In 3D we may use properties of P432 symmetry for a cube. There are 24 symmetry operations (see Aroyo, 2016 ). The corresponding rotation matrices are shown in Fig. 2.

Figure 2
Matrices for 3D orthogonal rotations to relate the different octants to each other.

Suppose for a given set of Euler angles defining rotation matrices we may combine them into a group of 24 matrices (each matrix is a matrix product of one matrix with one of the matrices defined in Fig. 2). If we do not combine these rotation matrices into groups of 24, then to find a correlation map we need to perform 5 × 24 = 120 DFTs for each 24 rotations. However, if these matrices are combined then we just need to perform two forward DFTs for S and M and 3 × 24 = 72 backward DFTs for $[S\star T]$ , $[M\star T]$ and $[M\star T^{2}]$ , i.e. 74 DFTs in total or 61.7% of 120.
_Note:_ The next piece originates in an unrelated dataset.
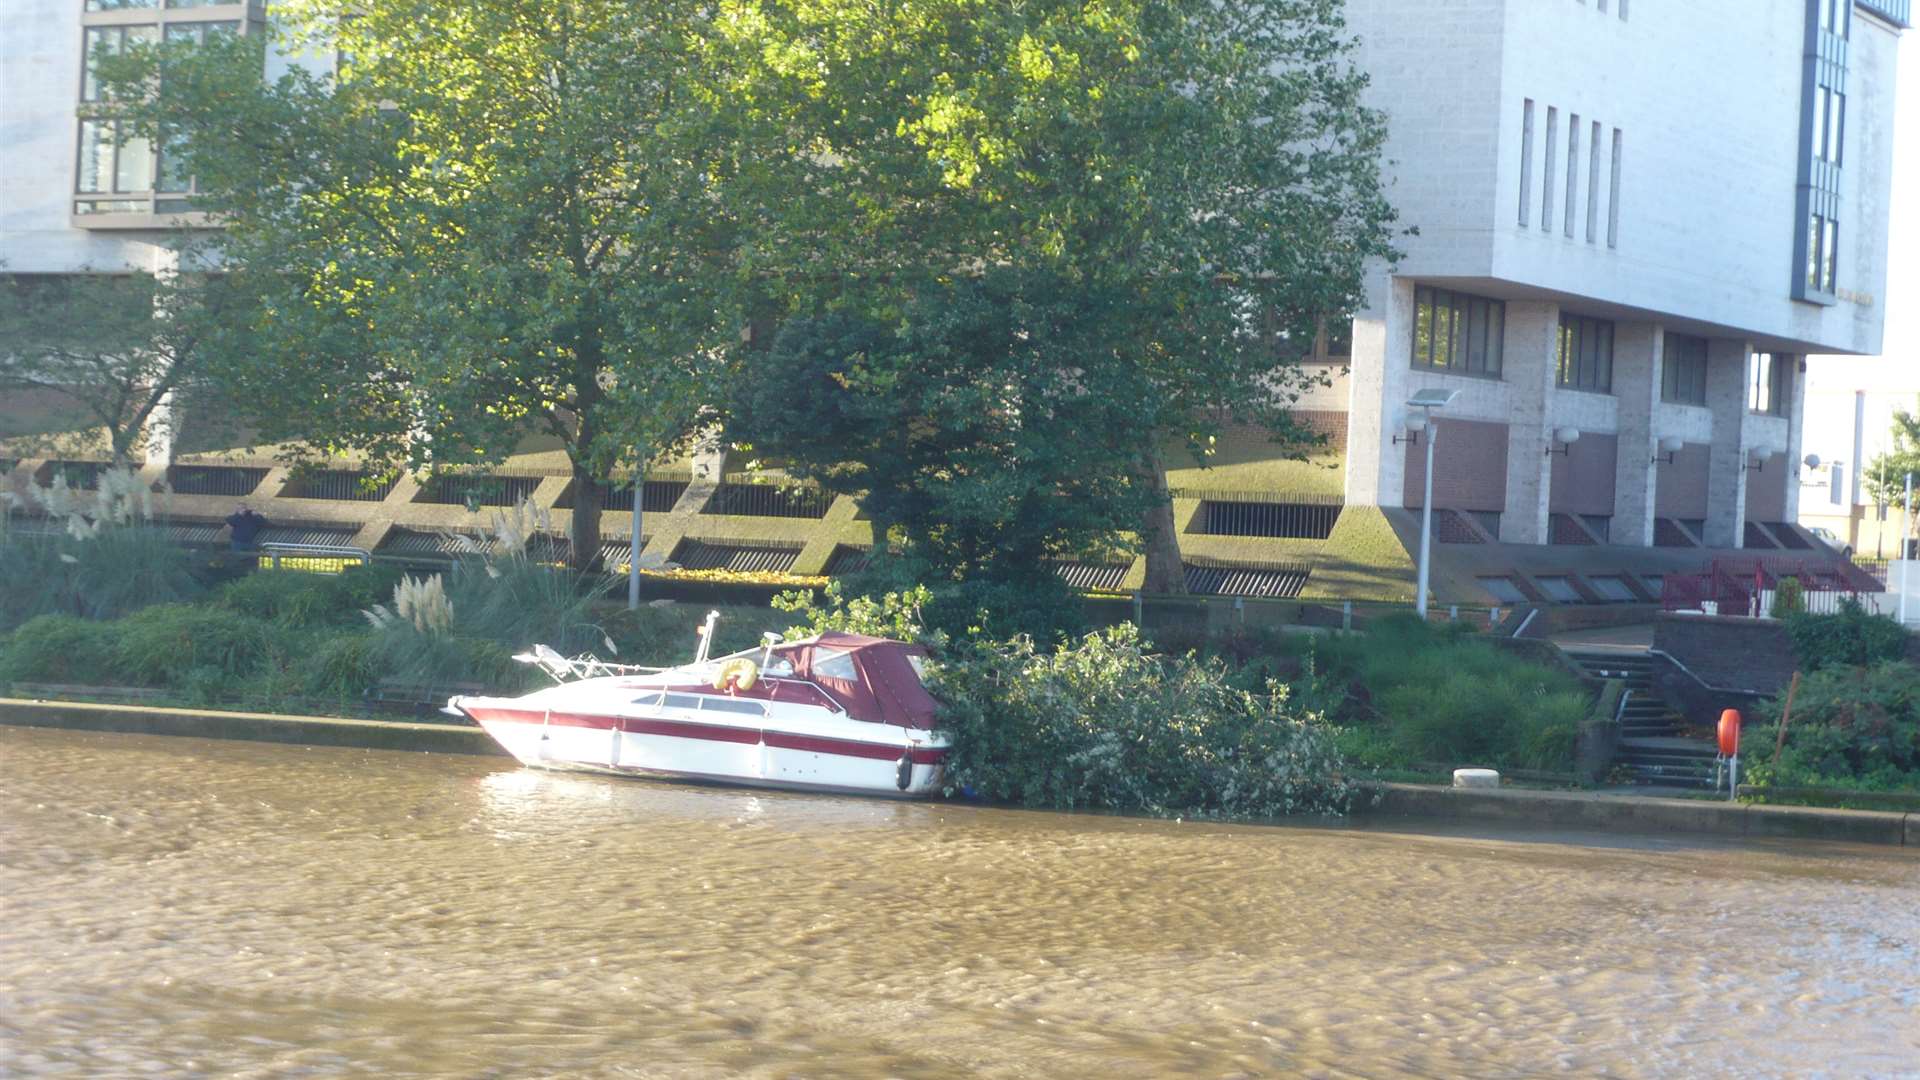 A tree has blown onto a boat moored by the Crown Court, Maidstone

5. Reduction of the output map

5.1. False peaks

If we have errors in the input data, then there is a chance that a correlation coefficient R^q_TS may have peaks in areas where values of T are small, since both the numerator and denominator in (3) are small numbers that are sensitive to small errors in the T, S and M maps. Therefore, in practical applications we first estimate the maximum value of

$[\sigma\equiv\left((M\star T^{2})[q]-{{1} \over {w}}\{(M\star T)[q]\}^{2} \right)^{1/2}, \eqno (4)]$

for all possible rotations and translations of S, M maps. We then set σ₀ in (1) as a percentage of the maximum value of σ.
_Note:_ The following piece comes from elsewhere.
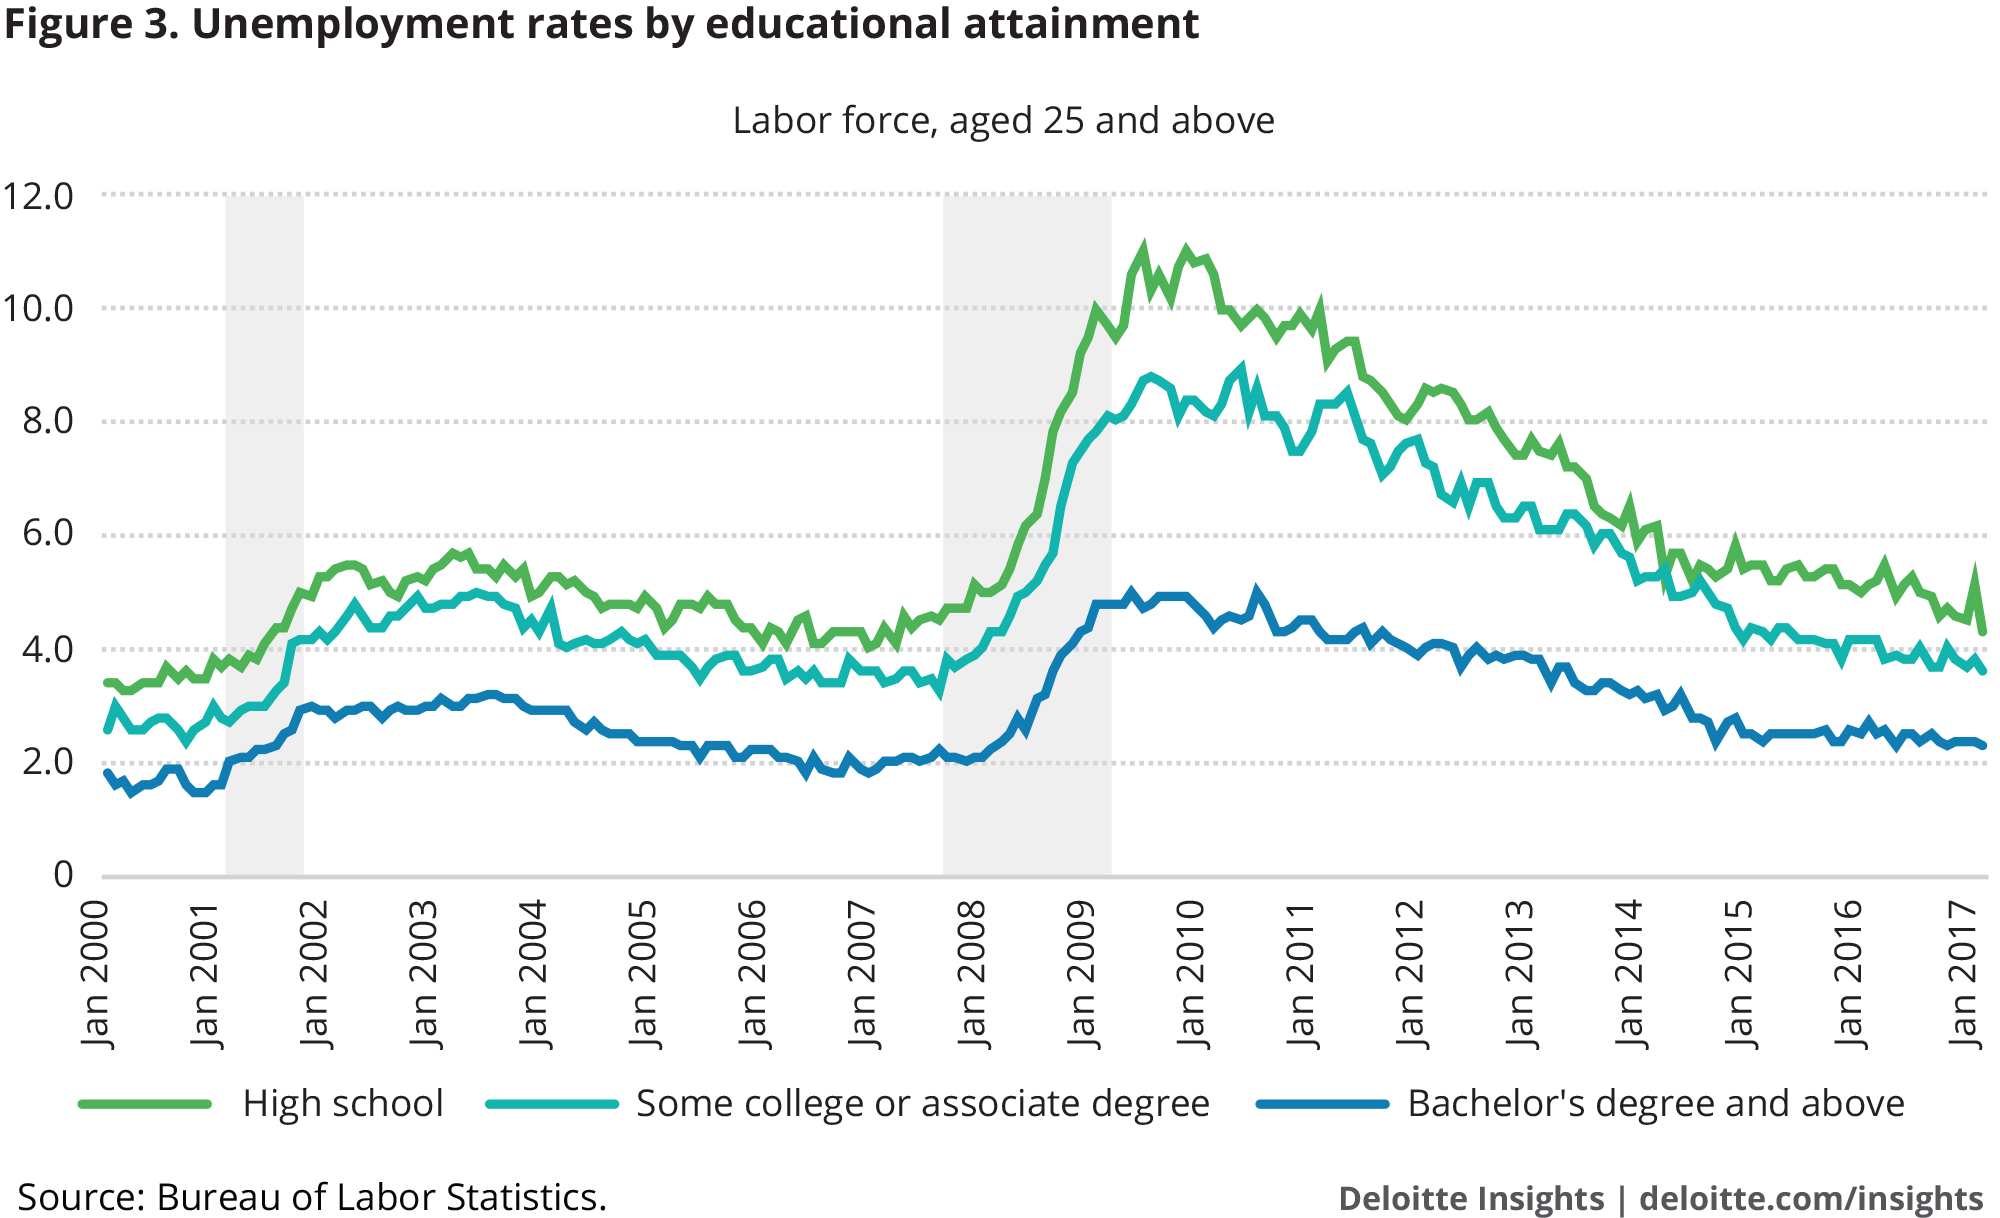 Unemployment rates by educational attainment

We demonstrate our procedure by fitting an atomic structure (the intermediate domain, which at ∼9 kDa is the smallest of three defined domains in the GroEL subunit) into an EM map of the GroEL chaperonin complex (EMDB entry EMD-1997, resolution 7 Å, C7 symmetry; Clare et al., 2012 ). The domain was extracted from PDB entry 2c7e (residues 136–191 and 374–409; Ranson et al., 2001 ). We find the maximum value of σ and then set σ₀ as 50%, 30%, 10% and 1% of σ. For a slice perpendicular to the axis of symmetry we calculate R^q_TS (see Fig. 3). One may see that for σ₀ ≥ 0.1σ_max the local maximum values of the correlation maps are the same. On decreasing σ₀ more peaks start to appear in the central and outer parts of the map where the target map T is almost zero. When σ₀ is about 1% of σ_max the central part of the map has higher correlation coefficient values than the real peaks. By setting σ₀ to a correct level we reduce extra checking of these false peaks as centres of the chosen atomic structure.

Figure 3
Correlation maps obtained for different levels of standard deviation of the signal (50%, 30%, 10%, 1%).
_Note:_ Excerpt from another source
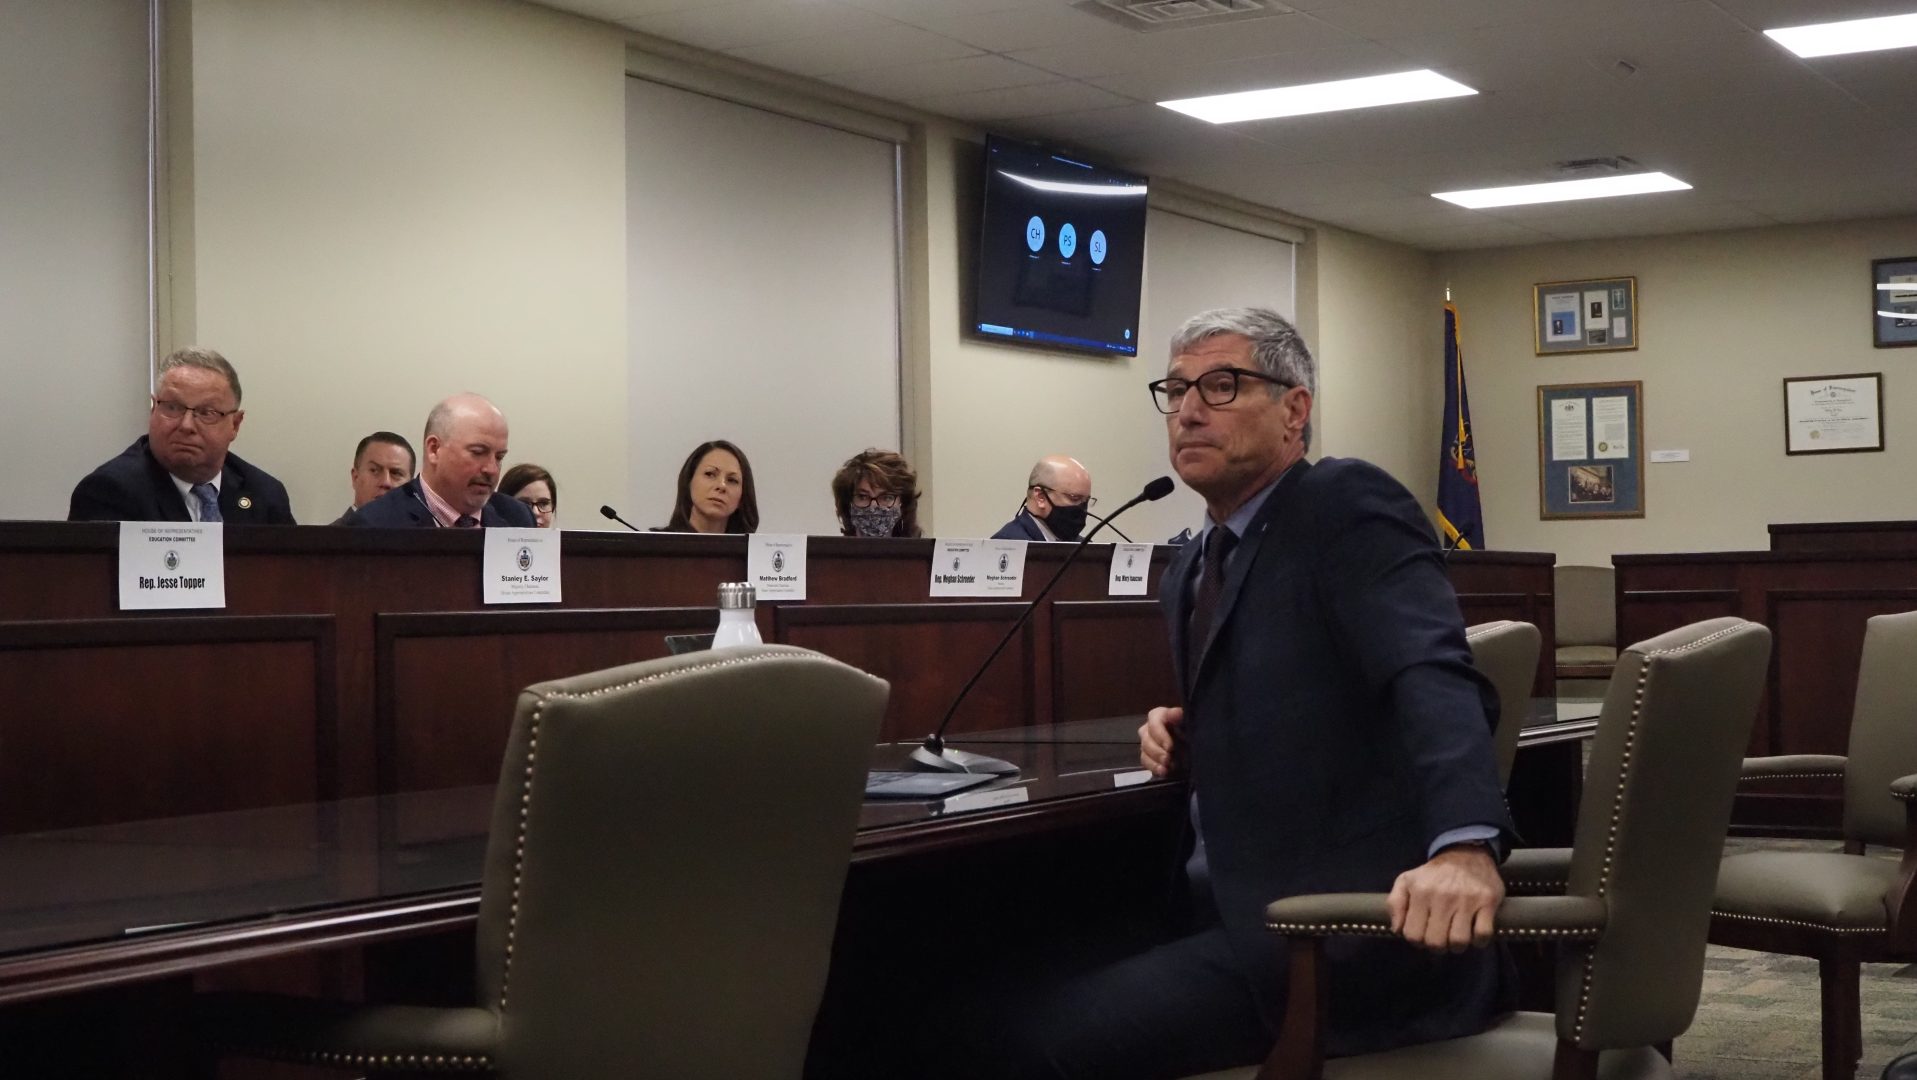 State System of Higher Education Daniel Greenstein is questioned by lawmakers of the House Appropriations and Education committees at a hearing in Harrisburg on Oct. 27, 2021

A similar idea can be used in the case of a discrepancy map when we need to set the minimum level of α and apply formula (2).

5.2. Smooth functions

Maps T and S are both smooth functions, i.e. their neighbouring voxels should have similar values. Therefore, the $[S\star T]$ map is also a smooth function. In many practical cases M is a set of a small number of convex or almost convex shapes, so we may also expect $[(M\star T^{2})]$ and $[(M\star T)]$ to be smooth functions.

To avoid false peaks in the R^q_TS map we set σ ≥ σ₀. As a result, R^q_TS is also a smooth function of q for these areas. Thus, to identify areas where R^q_TS has peaks we may not need to find R^q_TS at each voxel, especially when we use a brute-force approach and have to check many rotation angles. For instance, we may find the map only at even voxels when all three indices of a voxel are even numbers. In this case the size of the output map is reduced eight times.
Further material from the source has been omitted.